In the authors department couch readouts are tested by comparing the readout against an external measure at a few representative points. MPC does not report on the absolute couch positioning but rather on the measured distance traveled between two points. This is the most clinically important aspect of couch motion for ensuring that couch shifts based upon IGRT imaging are accurate. To allow a meaningful comparison between the MPC couch travel and the departmental couch tests, the departmental couch test results are presented in terms of difference between the two most extreme measurement points. This measured range is then scaled to the range over which the MPC travel range is measured. The difference of this measured range from expected is then compared to MPC.

Couch Position tests

In the authors department couch position checks are based upon the Varian Customer Acceptance Procedures.17 Couch vertical readouts are measured using calibrated front pointers over a 10 cm range (MPC range = 15 cm). Couch lateral is measured with calibration Lokbar™ and steel ruler over a 20 cm range (MPC range = 5 cm). Couch longitudinal is measured using calibration Lokbar and tape measure over a 90 cm range (MPC range = 5 cm). Couch angle is verified at cardinal angles using the cross hairs projected onto graph paper after aligning the cross hair with the axis of gantry rotation using the swing test method. This gives a measurement range of 180° (MPC range = 10°). The pitch and roll readouts for the six degree of freedom couch are checked against a digital spirit level rated to ± 0.01 degree accuracy (Digi‐Pas 2‐Axis Precision Digital level, DWL3000XY, DIGIPAS USA LLC) at 0 and ± 2° giving a 4° range (MPC range = 3°).

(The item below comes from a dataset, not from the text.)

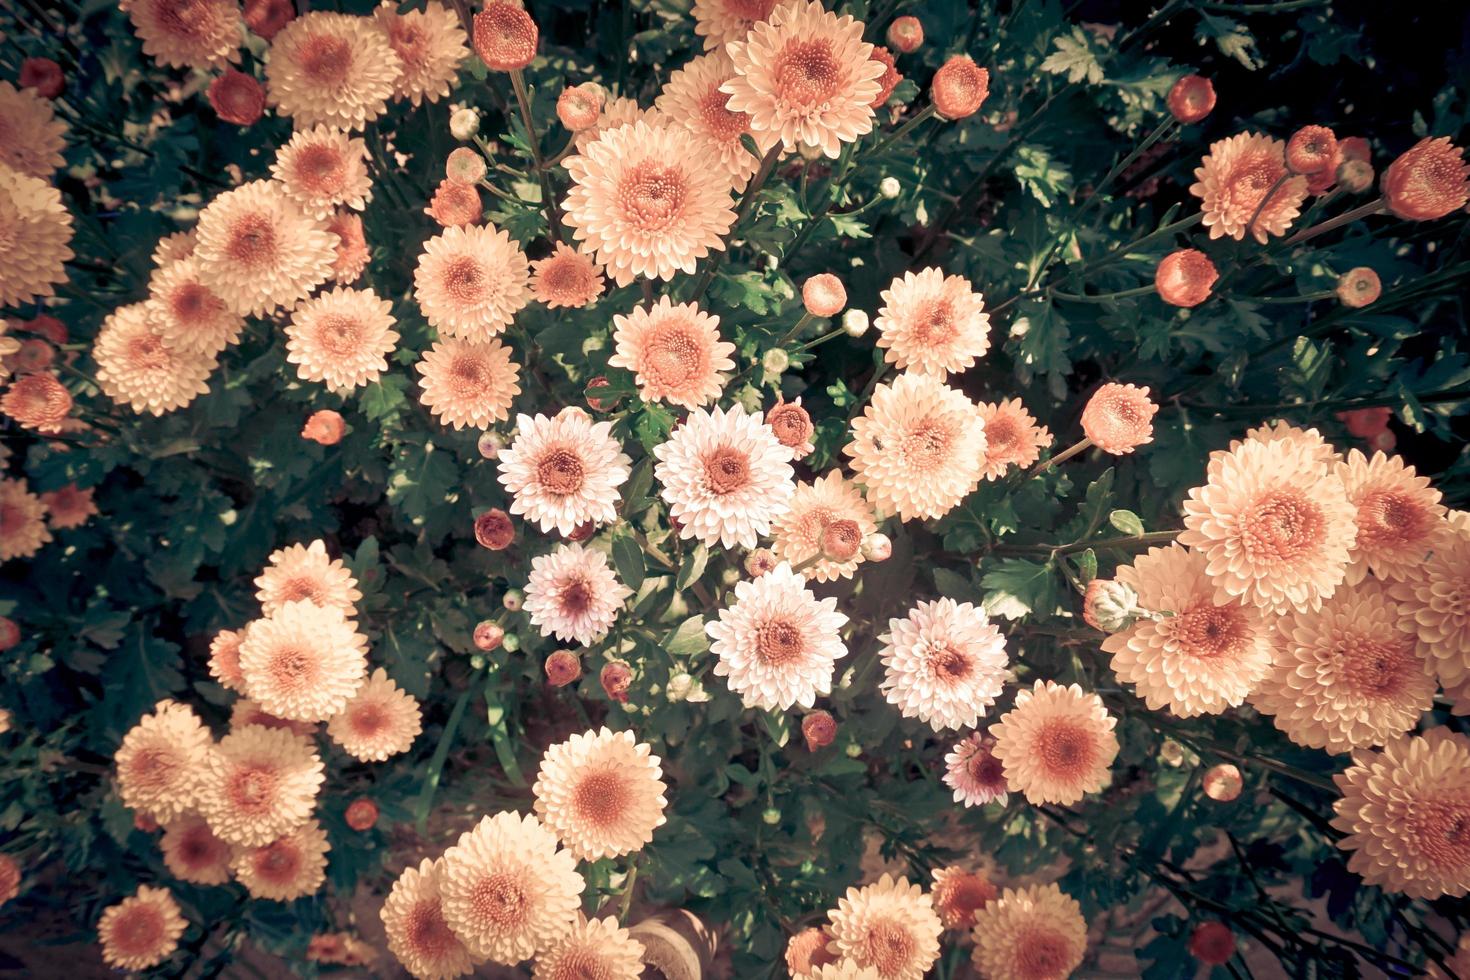 närbilder blommiga bakgrunder som framhäver de vackra detaljerna natur krysantemum blomma bakgrund blombilder som gör intryck foto

Sensitivity to miscalibration

In an experiment to test the sensitivity of the MPC couch results the couch was deliberately miscalibrated in each axis using the standard calibration procedures. This was done in two ways. Firstly, a systematic offset was introduced into the calibration. This was done to all couch axes individually using offsets of the magnitude similar to the MPC tolerance. Secondly, the span of the calibration was made successively both smaller and larger. The magnitude of the miscalibration was calculated to cause error at about MPC tolerance. The altered span miscalibration was performed only for couch lateral, longitudinal, and vertical. This was not possible for couch pitch, roll, and rotation because these utilized single point calibration procedures. In all cases the measured change in MPC was compared against expected from the miscalibration.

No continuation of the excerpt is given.